At this time, the effective length of the gate electrode A is formed as "L" which is the length between the LDD ion implantation region 60.

As shown in FIG. 2 (f), after the step, the insulating layer is embedded in the second open part 55, and then planarized to form the second spacer 65.

When the gate electrode layer 30 is planarized, a CMP polishing process or an etch back process may be used.

3 (a) to 3 (e) sequentially illustrate a method of forming a gate electrode according to another exemplary embodiment of the present invention, wherein a hard mask (e.g., on the gate electrode layer 30 of the gate A) is formed. 32) is further stacked and the formation of other parts is the same as in the case of one embodiment, and thus will be omitted.

As described above, when the gate electrode forming method of the MOS transistor according to the present invention is used, an insulating layer is formed on a portion where the gate electrode is not formed on the semiconductor substrate, and a first spacer is formed on the side surface thereof. The gate oxide layer and the gate electrode layer are stacked on the site where the gate is to be formed, and after removing the insulating layer, ions are implanted to form a source / drain region, a plug poly is formed at an opening thereof, and the first spacer is removed to remove the first spacer. Since the LDD ion implantation region is formed by implanting ions through the two open portions, the effective channel length of the gate electrode is formed to be short, and thus it is a very useful and effective invention for achieving high integration of the device.

Claims (8)

Forming an insulating layer on a portion of the semiconductor substrate other than a portion where a gate is to be formed, and then forming a first spacer on a side of the insulating layer; Forming a gate by sequentially laminating a gate oxide film and a gate electrode layer on a portion where the gate is to be formed after the step; Forming a source / drain region in the semiconductor substrate by implanting ions through the first opening formed by removing the insulating layer after the step; Embedding the polysilicon layer in the first open portion after the step, and then planarizing to form a plug poly; Forming an LDD ion implantation region in the semiconductor substrate by implanting ions through a second open portion formed by removing the first spacer after the step; And embedding an insulating layer in the second open portion after the step, and then planarizing to form a second spacer. 2. The method of forming a gate electrode of a MOS transistor according to claim 1, wherein the insulating layer has a thickness of 1000 to 5000 GPa.

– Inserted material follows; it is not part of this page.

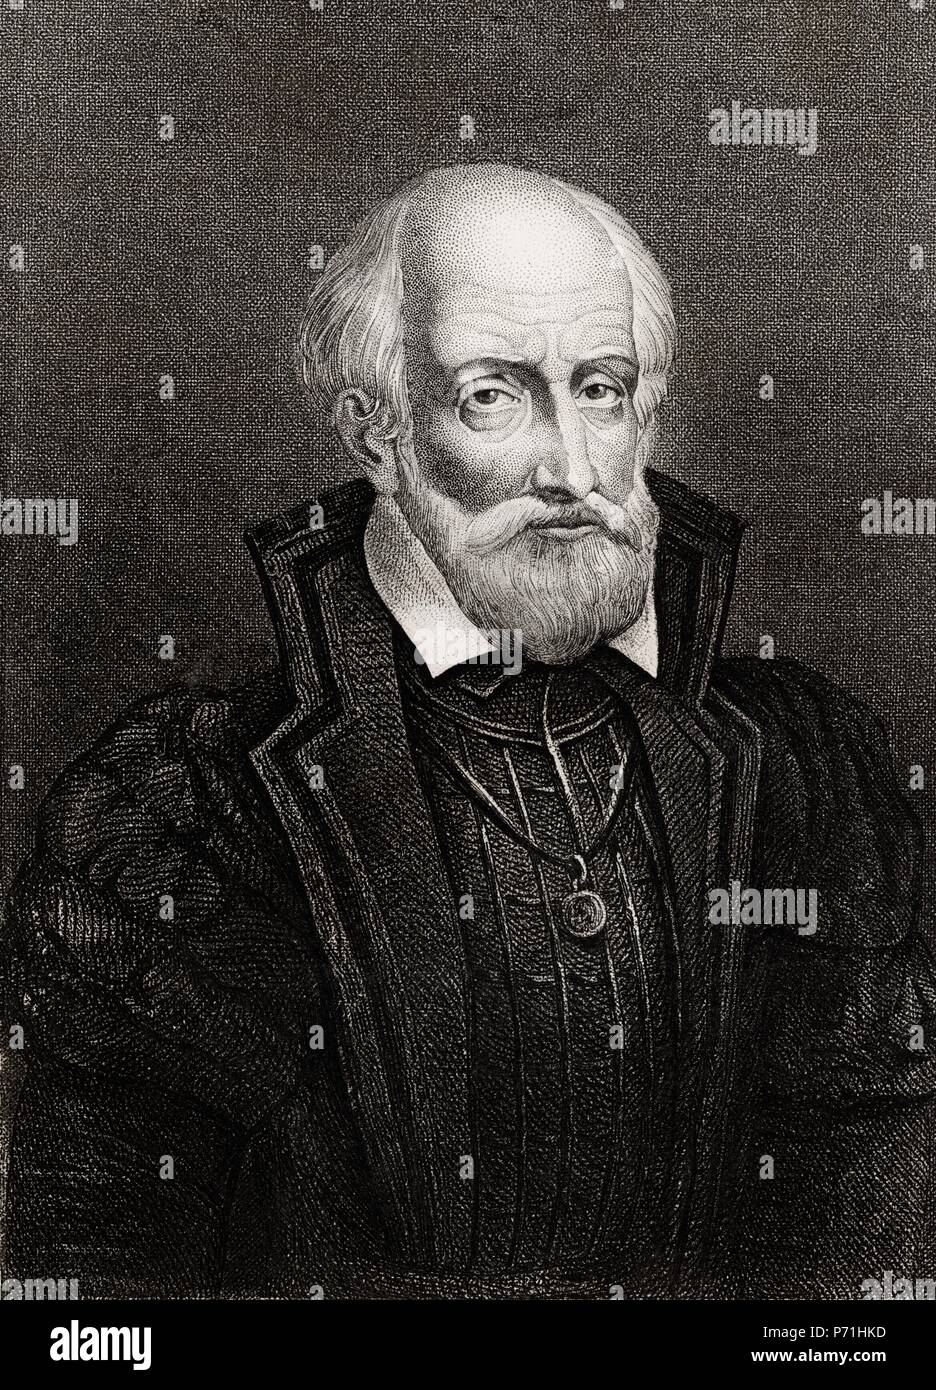 Gaspard de Coligny o Gaspard de Chatillon (1519-1572), noble francés, político y militar, líder de los hugonotes. Grabado de 1866. Stock Photo

The method of forming a gate electrode of a MOS transistor according to claim 1, wherein the first spacer has a thickness of 200 to 2000 GPa. 2. The method of forming a gate electrode of a MOS transistor according to claim 1, wherein the gate oxide film is a tantalum oxide film or a gate oxide film. 2. The method of forming a gate electrode of a MOS transistor according to claim 1, wherein the gate electrode layer is a polysilicon layer or a metal silicide layer. 2. The method of forming a gate electrode of a MOS transistor according to claim 1, wherein the planarization of the gate electrode layer uses a CMP polishing process or an etch back process. The method of claim 1, further comprising a hard mask on the gate electrode layer. 2. The method of forming a gate electrode of a MOS transistor according to claim 1, wherein a rapid thermal annealing process is performed to activate a source / drain region and a gate electrode before forming the LDD ion implantation region.